More parameters to be aware of -
top_p (float, optional): Controls the nucleus sampling where the model considers the smallest set of words whose cumulative probability exceeds the probability p. This helps in focusing the generation on more likely outcomes.
frequency_penalty (float, optional): Adjusts the likelihood of the model repeating the same line verbatim, with higher values discouraging repetition.
presence_penalty (float, optional): Adjusts the likelihood of the model repeating phrases, with higher values encouraging the introduction of new concepts.
"""

'\nMore parameters to be aware of -\ntop_p (float, optional): Controls the nucleus sampling where the model considers the smallest set of words whose cumulative probability exceeds the probability p.

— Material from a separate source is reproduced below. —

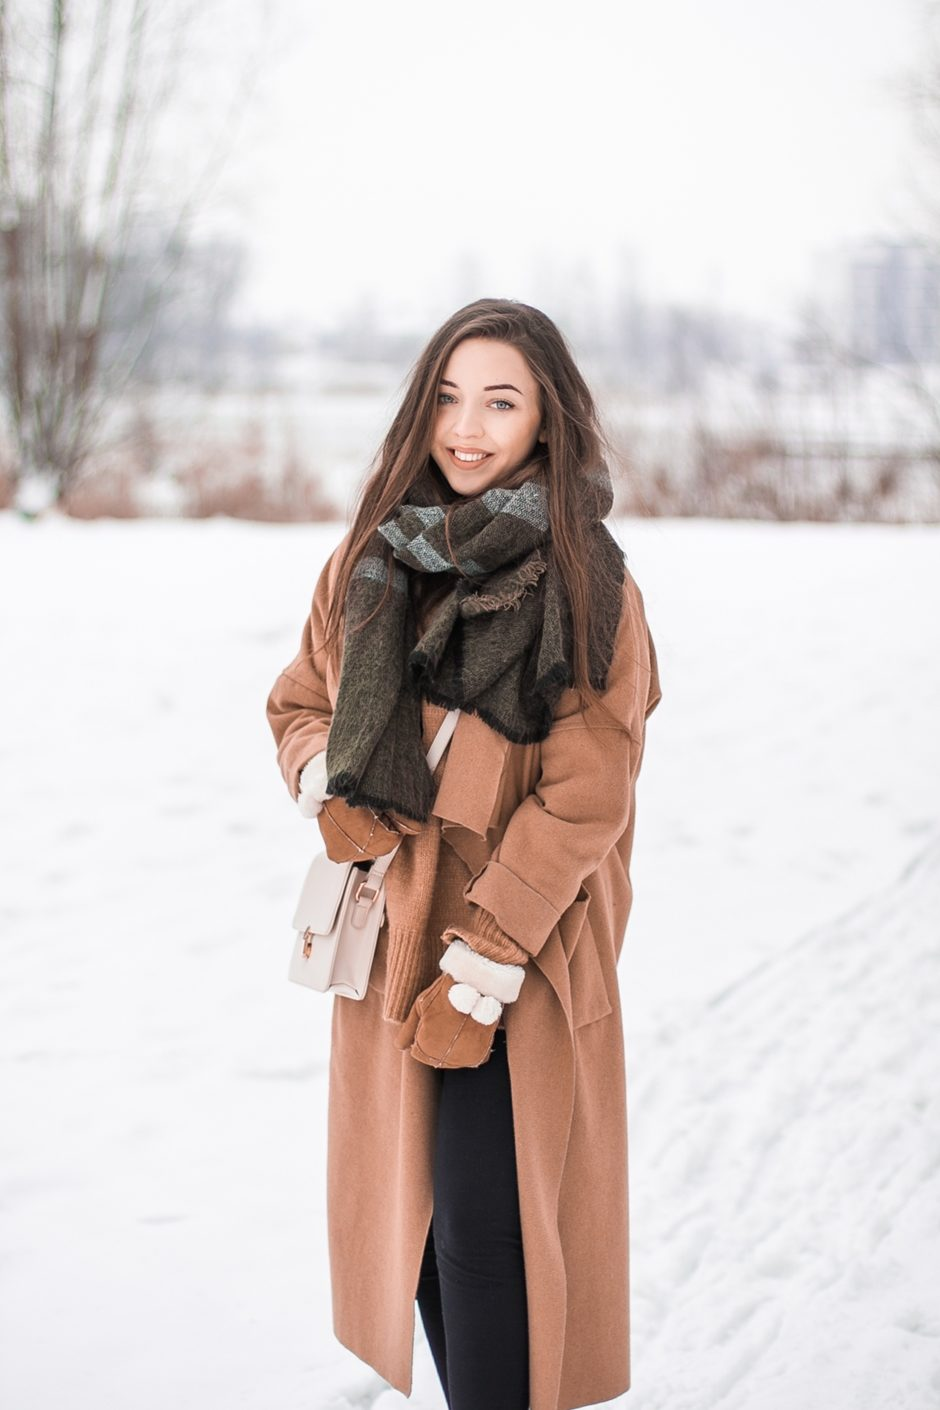 Ulubiona stylizacja zimowa

This helps in focusing the generation on more likely outcomes.\nfrequency_penalty (float, optional): Adjusts the likelihood of the model repeating the same line verbatim, with higher values discouraging repetition.\npresence_penalty (float, optional): Adjusts the likelihood of the model repeating phrases, with higher values encouraging the introduction of new concepts.\n'

## Emotional Tweet Function




In [4]:
import spacy
from spacytextblob.spacytextblob import SpacyTextBlob
nlp = spacy.load('en_core_web_sm')
nlp.add_pipe('spacytextblob')

def emotional_tweet(tweet_text,emotion):
    """
    Generate a tweet that appeals to a specific emotion based on the provided tweet text and compare polarity.
    :param tweet_text: str - the original tweet text.
    :param emotion: str - the desired emotion to appeal to, such as 'sad' or 'happy'.
    """
    emotional_prompt = f"Reprhase the following tweet to evoke a {emotion} feeling: {tweet_text}"
    response = client.completions.create(
        model="gpt-3.5-turbo-instruct",
        prompt=emotional_prompt,
        temperature=1,  # Increased temperature for more variability in emotional expression
        max_tokens=256
    )
    new_tweet = response.choices[0].text.strip()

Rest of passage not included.